Tassa comes from St James. I mean no disrespect, disparagement, or utter disregard of anthropological fact, but there it is: tassa comes from St James. What I mean by this is, for me, tassa comes from St James. To get even closer to the thing in the air: for me, tassa is the drums on Western Main Road on Big Hosay night, in the hour or so before all the attention turns to the kiss between the Red and Green Moons. (See the sidebar on page 79 for explication of these esoteric terms.)

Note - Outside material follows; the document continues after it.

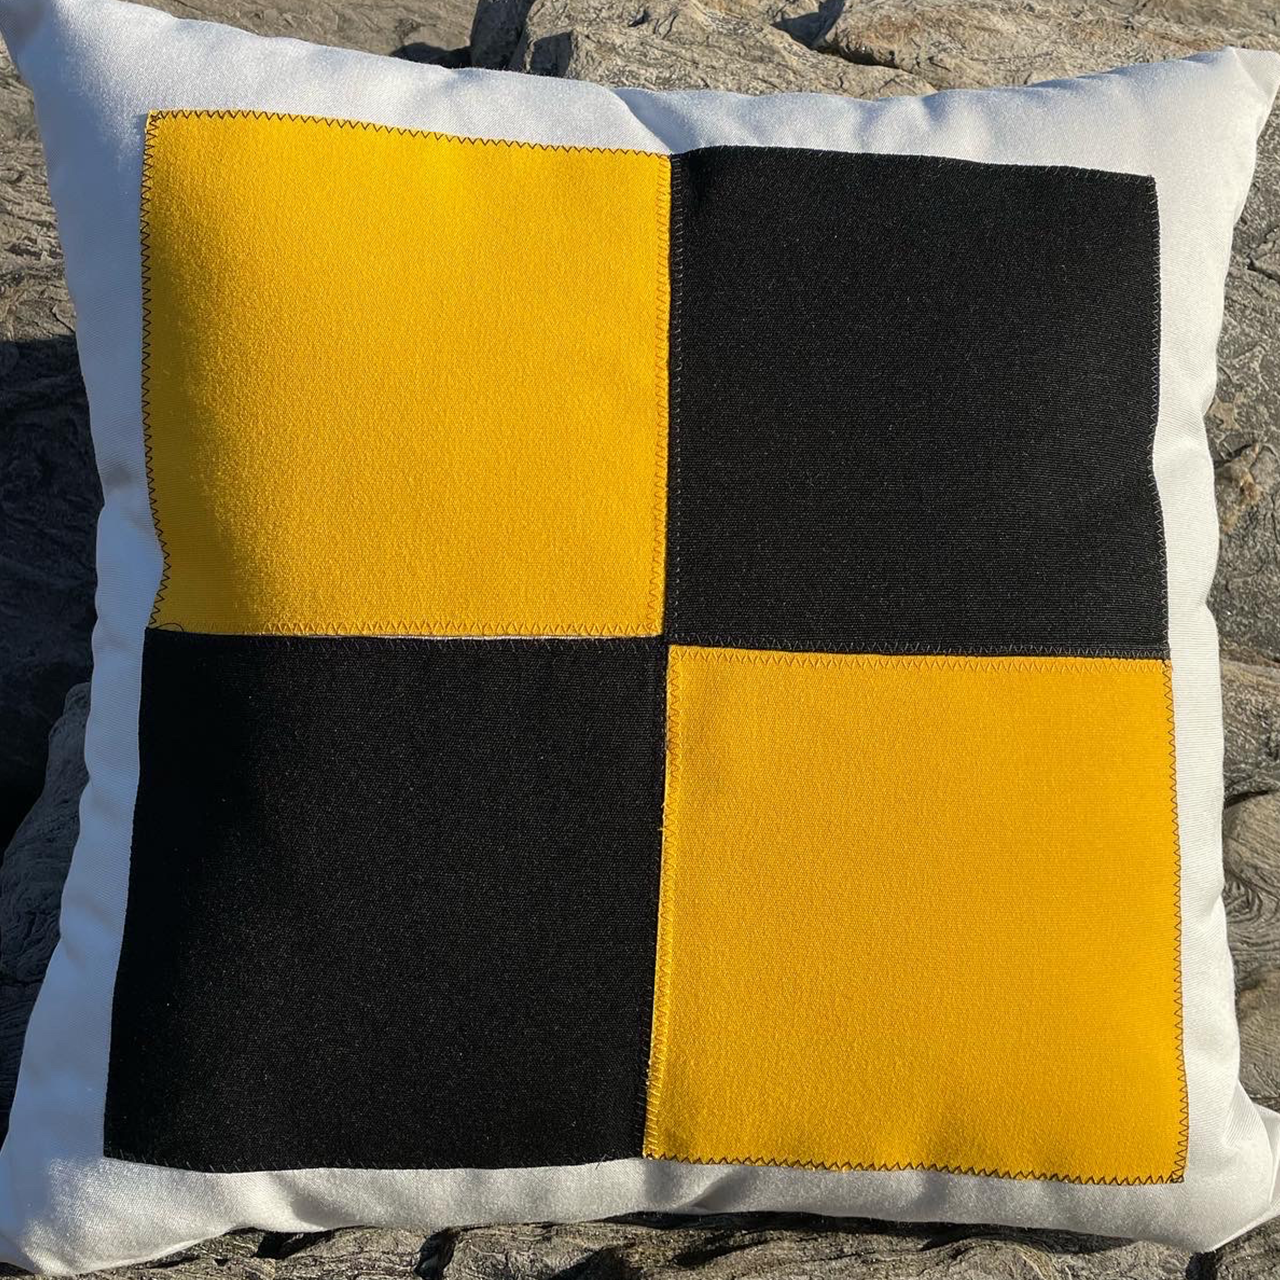 L (Lima) - Code Flag Pillow

Now for the real moment, the thing that’s been curled up in the first paragraphs, waiting its turn like an open secret: the tassa bass. The dhol. This drum, usually carved from the trunk of a mango tree, is the deep, night-stilling thing for which I wait. Dauntingly large, the bass is played on one side with a truncheonesque stick, and with a strong, steady, bare hand on the other. The stick plays the bass side of the drum; the hand, the treble. Stretched, heated goat skins make the drum heads. A mystery of narrow cords — knotted here, slipped through a ring there, coiled, crossed — connects the heads, running the length of the body of the drum.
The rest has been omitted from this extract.